Les murmures intérieurs des gens ordinaires. L’écho des malheurs.

« Pas facile de donner la parole à des gens simples, des gens ordinaires. De ceux  qui ont plus l’habitude de faire que de parler. Qui peinent à se confier. Et de fait, ils sont assez rares en littérature. Comme s’ils n’avaient rien à dire qui mérite de rester sur le papier. Comme s’il n’avait aucun intérêt. Comme si leur histoire passait  sans qu’on puisse en tirer la moindre image, le plus petite idée, même pas une fable, une leçon…

Autant dire que Laurent Mauvignier a fait preuve d’une belle audace, d’un sacré culot, en choisissant des gens comme ça, des taiseux, des pas bavards, pour en faire les personnages de son premier roman. Il les traite avec grâce, avec élégance, en une série de monologues intérieurs, parce que là tout devient possible, les aveux les plus fous, les vérités les plus belles. Là, même le plus rustaud pourra dire son amour, ou pire sans tendresse, avec de beaux mots, un phrasé très souple. Sans peur d’être entendu.

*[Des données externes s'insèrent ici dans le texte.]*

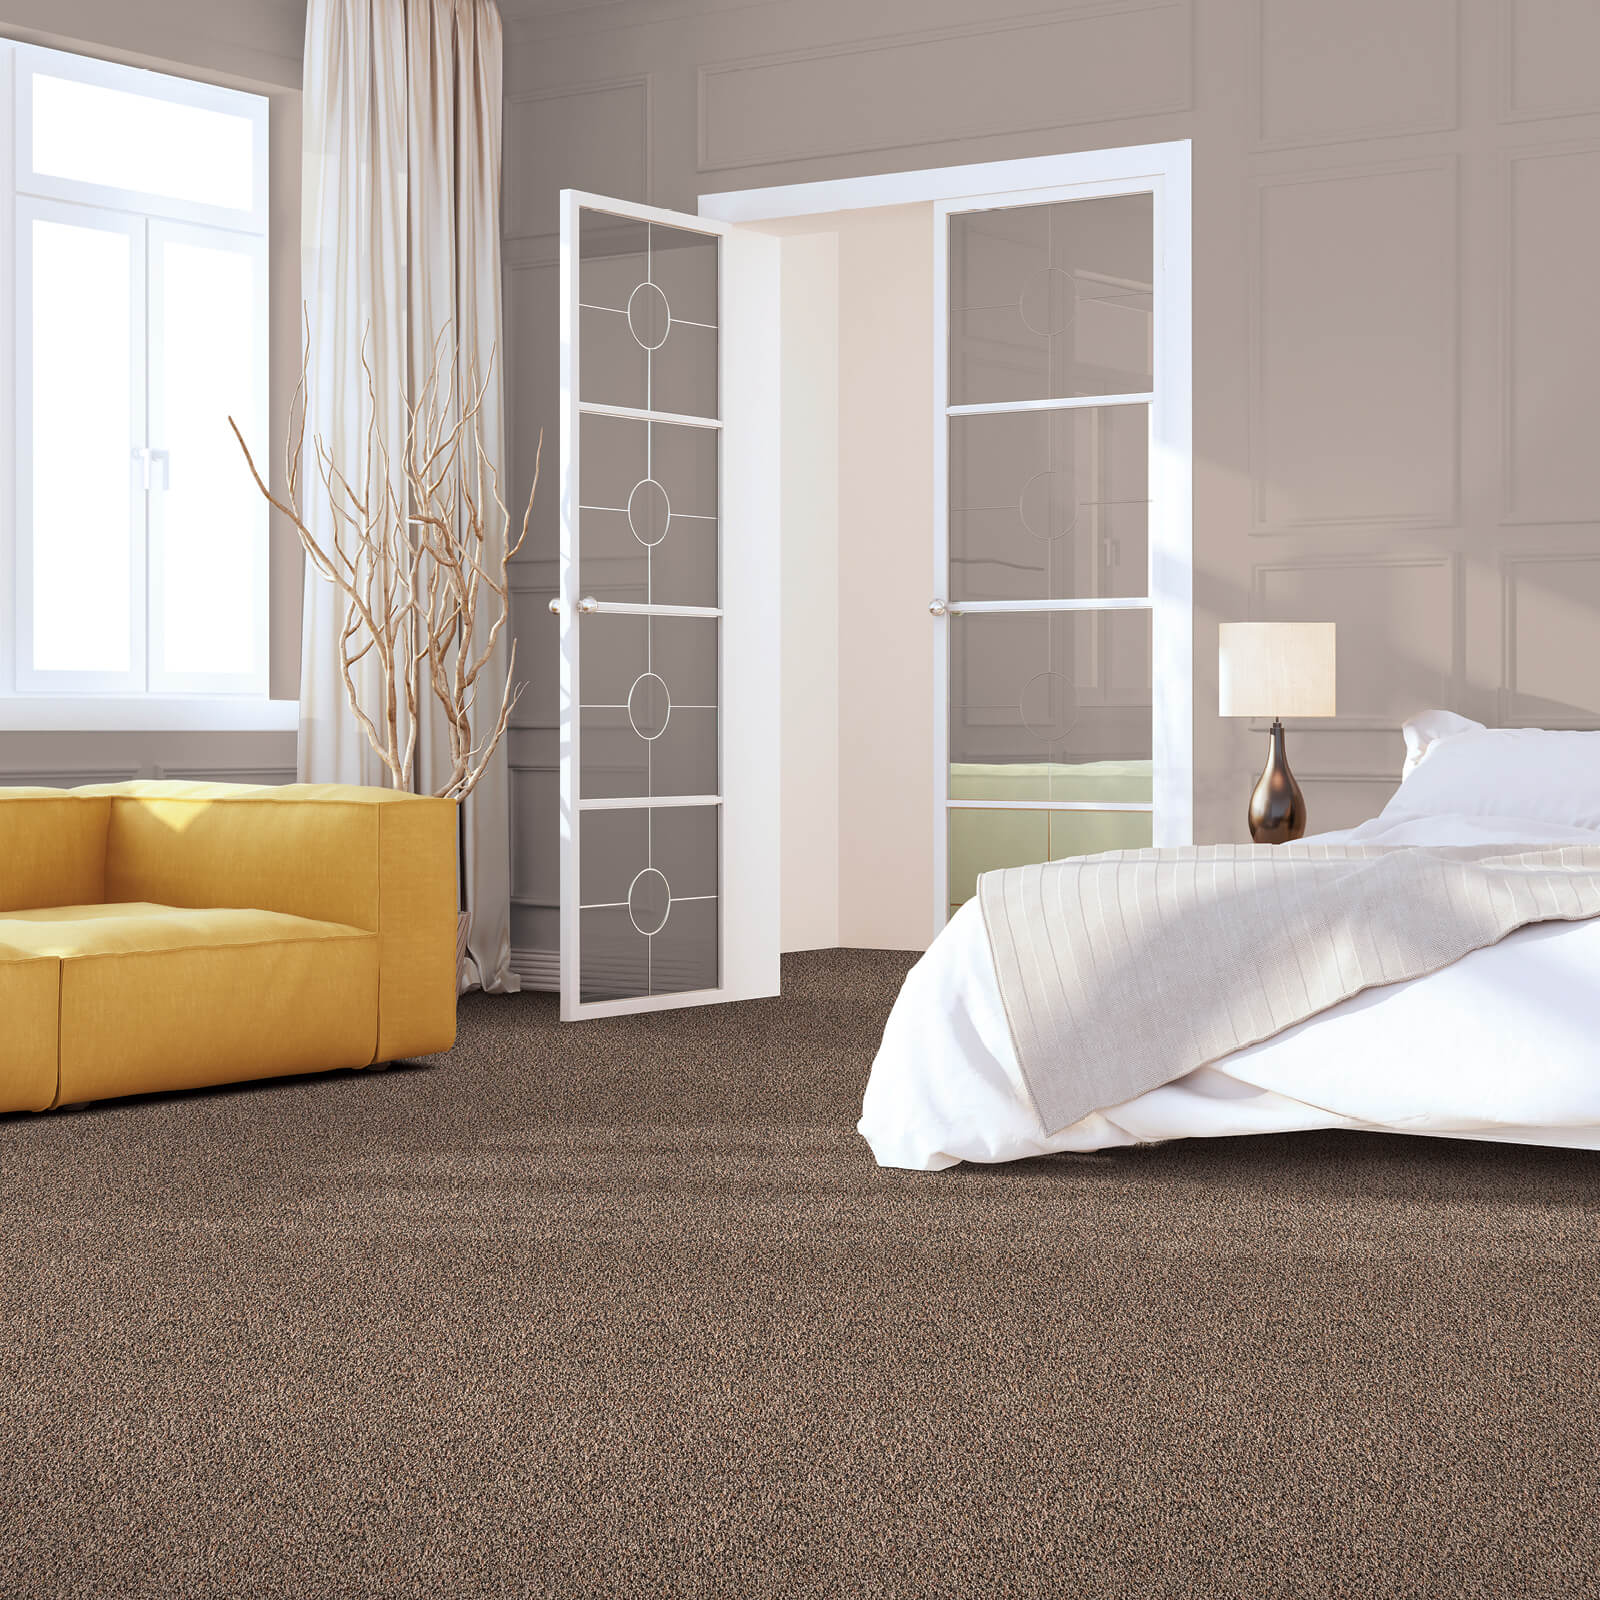 Impressive selection of carpet | McSwain Carpet & Floors
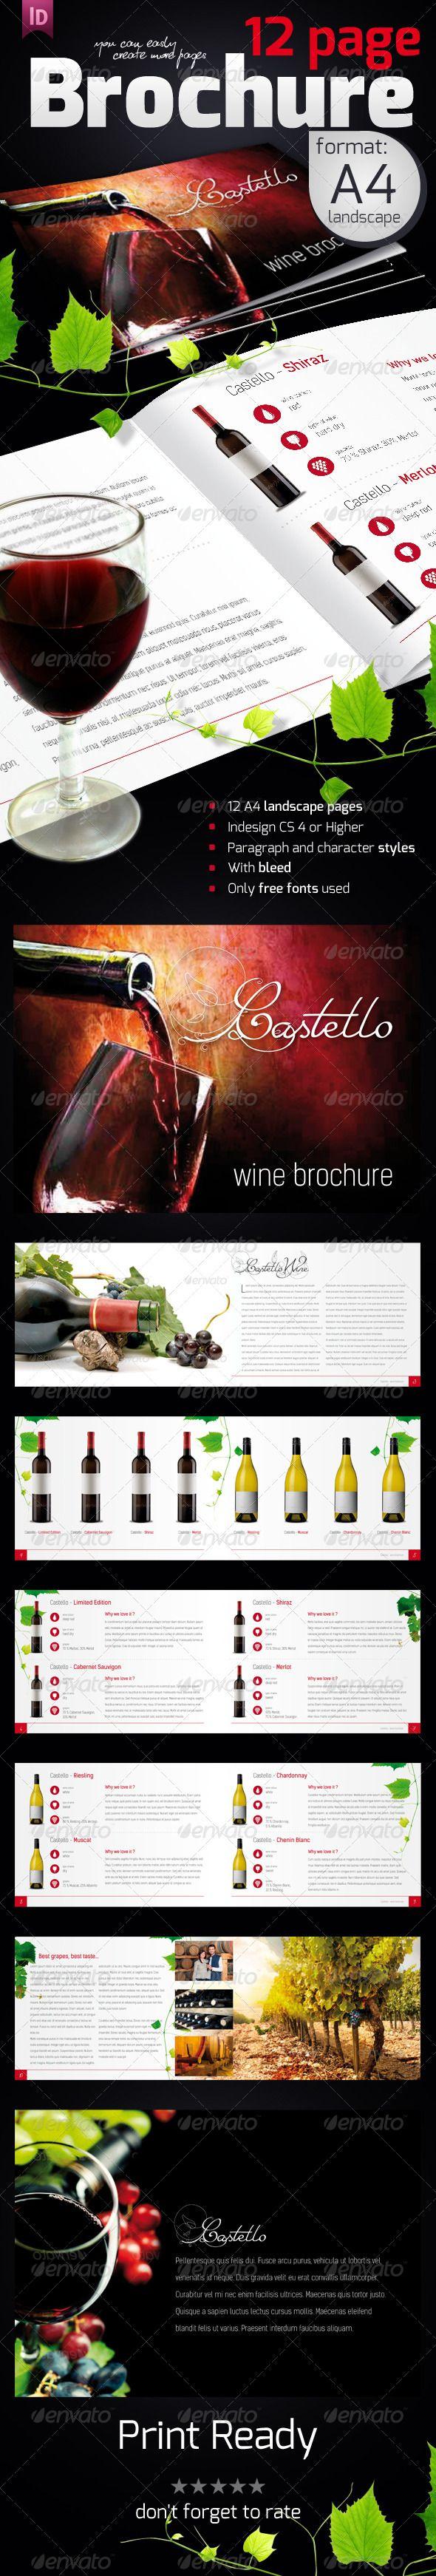 Wine Brochure Brochures Print Templates Catalog Print Templates

Une sale histoire. Très ordinaire. Celle d’un fils qui végète entre père et mère et rêve, en province. Se trouve empêché, indécis, mal aimé. Puis se décide à partir pour Paris, où il trouve un travail dans un bar de nuit que fréquentent des gens bien, de ceux que l’on voit en général dans les romans, dans les films, de ces gens auxquels on prête des vies extravagantes, des amants, des aventures, du fric… Mais qui sont ici cantonnés au rôle de figurants indifférents. Trop loin, inaccessibles, de l’autre côté de la vitre… Alors quand le fils en a marre, il se tue.
Le bouquin est tout entier construit sur ce vide, cette disparition, un petit mot gribouillé, inachevé qu’il a écrit, avant de mourir, sur un post-it. Pour s’expliquer ? Pour s’excuser ?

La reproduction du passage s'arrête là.